- What’s so good about it?
- MAI-DxO Detailed Functions and Characteristics:
- 1. Multimodel teamwork
- 2. Progressive Diagnosis**
- 3. Cost-benefit analysis (Cost-Efficiency)**
- 4. Self-censorship and validation
- 5. Simulation team**
- MAI-DxO effects and performance
- MAI-DxO shows remarkable results, especially in:
- The strengths and limitations of MAI-DXO**
- 1. ** Strength**
Microsoft has developed a system called MAI-DxO to enable AI to conduct diagnostics step by step as a true doctor**, including questions, examinations, analyses of results, and ultimately to determine the cause of the disease, rather than to give a direct answer. It simulates multiple doctors working together, progressively reasoning and accurately diagnosing complex cases. It combines the advantages of different AI models and works together to accomplish diagnostic tasks.
What’s so good about it?
-
More accurate: It is easier to diagnose complex and difficult diseases than doctors, with a success rate of up to 85 per cent.
-
** Save more money: It won’t give you a bunch of useless checks, it’ll ** cost itself and it’ll save more money and be more efficient.
-
** More like a doctor**: Not a single answer, but, “Think about it and ask questions and analyze it step by step.”
-
** Federation consultations:** It’s actually a lot of AIs (like GPTs, Claudes)** combined to work**, like a few doctors discussing it together, it’s very comprehensive.

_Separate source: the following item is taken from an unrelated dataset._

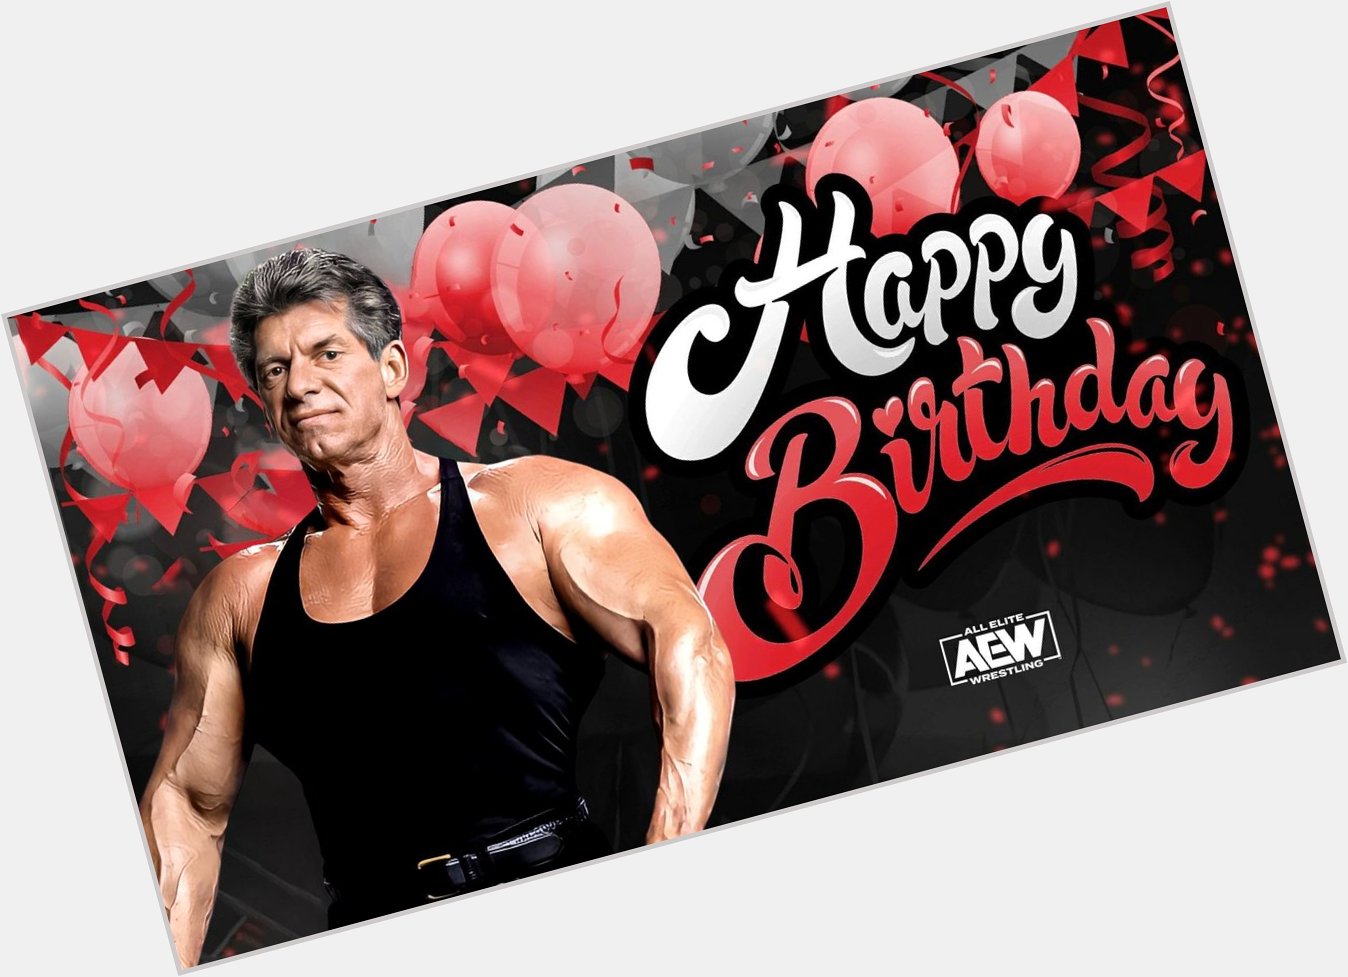 Happy birthday to a true innovator of pro wrestling and paying for sex, WWE\s Vince McMahon! 
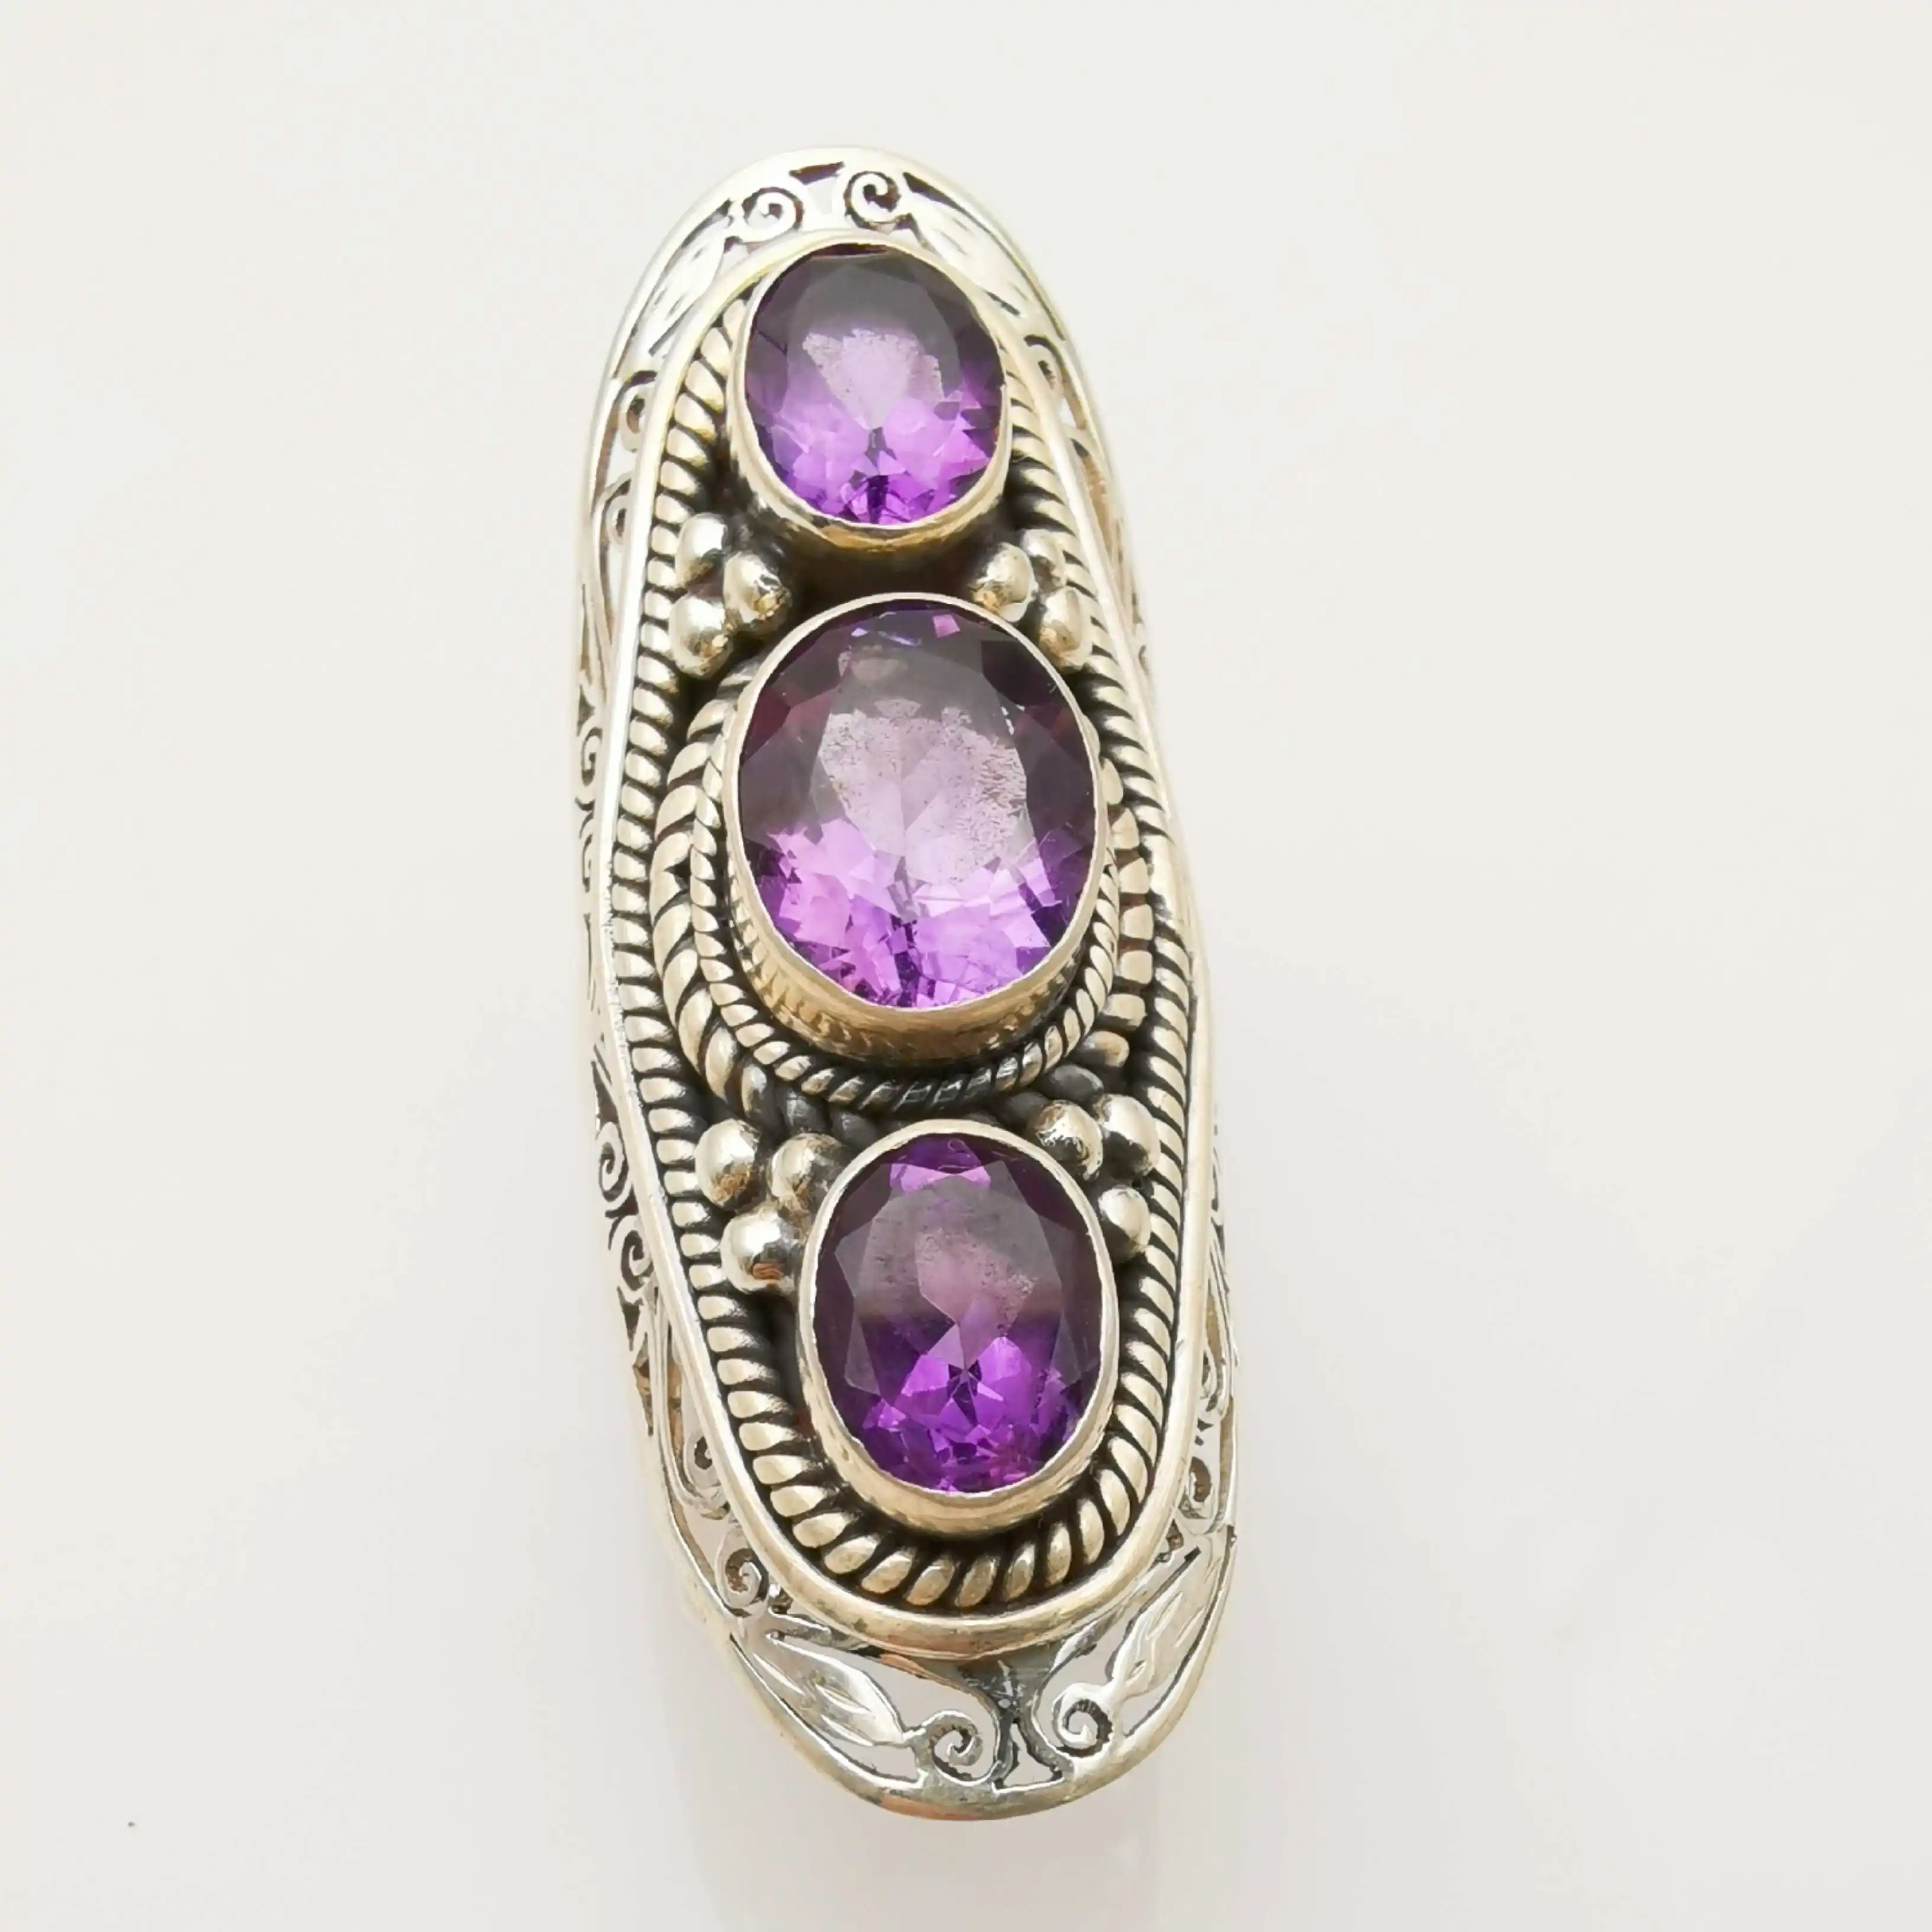 

Silver Saint 925 Sterling Silver Inlaid Natural Amethyst Ring, Handmade in Nepal, Adjustable Opening Main Stone 10x12

Microsoft sent AI to “challenge” the real cases in 304 medical journals, which resulted in a diagnostic correctness rate of 85% and a professional doctor on average 20%. This is a big difference!
What’s the advantage over a doctor?
MAI-DxO Detailed Functions and Characteristics:
** Five virtual doctor role co-diagnosis (Panel of Virtual Doctors)**
MAI-DXO is not a single AI model, but** a system that coordinates multiple AI models, simulates collaboration between doctors, forming a virtual “doctor team”. This team has different roles and has different tasks:
每个“医生”角色根据自己的职责,提出建议并进行讨论,最终做出决定。这种方法通过多轮决策**来模拟医生如何在有限的信息下不断收集证据、提出新问题、下达检查指令,直到最终确认诊断。
-
** Three decision-making steps: ** Question: AI raised issues related to patients’ symptoms, history, etc.
-
** Inspection**: AI requires the corresponding diagnostic tests (e.g. CT, blood tests, etc.) based on the reasoning.
-
** Diagnosis**: AI gives the diagnosis after sufficient evidence has been accumulated.
1. Multimodel teamwork
-
** Multi-AI model collaboration: MAI-DxO is not a single AI model, but rather a coordinating device that combines several basic language models (e.g. GPT, Claude, Llama, etc.) to work.
-
These AI models, like doctors in different fields “discussion cases” together, can be reasoned and decision-making on different aspects.
MAI-Dx Orchestrator can transform any language model into a virtual clinical team of specialists: it can ask follow-up questions, arrange tests or diagnoses, then conduct a cost check and validate its reasoning, and finally decide whether to proceed.
2. Progressive Diagnosis**
-
** Progressive diagnosis**: MAI-DxO does not rely solely on a one-time diagnosis, but rather on a “step-by-step reasoning” approach.
-
For example: if the patient says there is coughing and fever, MAI-DxO first considers whether it is cold and then requests blood tests, X-rays, etc., to identify the cause of the disease.
3. Cost-benefit analysis (Cost-Efficiency)**
-
** Cost awareness: MAI-DxO can automatically assess the cost of each step during the diagnostic process and make ** more economical decisions. It does not blindly require all tests, but weighs the relationship between diagnostic accuracy and cost.
-
This is important for reducing unnecessary medical expenses and avoiding excessive examinations, especially in cost-intensive health systems.
4. Self-censorship and validation
- ** Self-censorship: Whenever MAI-DxO makes a reasoning or diagnosis, it performs ** self-certification to check whether it is reasonable and adjusted.
5. Simulation team**
-
** Virtual doctor team: MAI-DxO is more than a “single expert”, which simulates ** multiple doctors (different professional backgrounds) working together to solve problems. It is designed like a virtual doctor team, with various diagnostic methods complementing each other, forming a diverse decision-making process.
-
Modular coordination: This coordination mechanism enables MAI-DxO to combine several different reasoning models to enable it to make the best judgement in complex situations.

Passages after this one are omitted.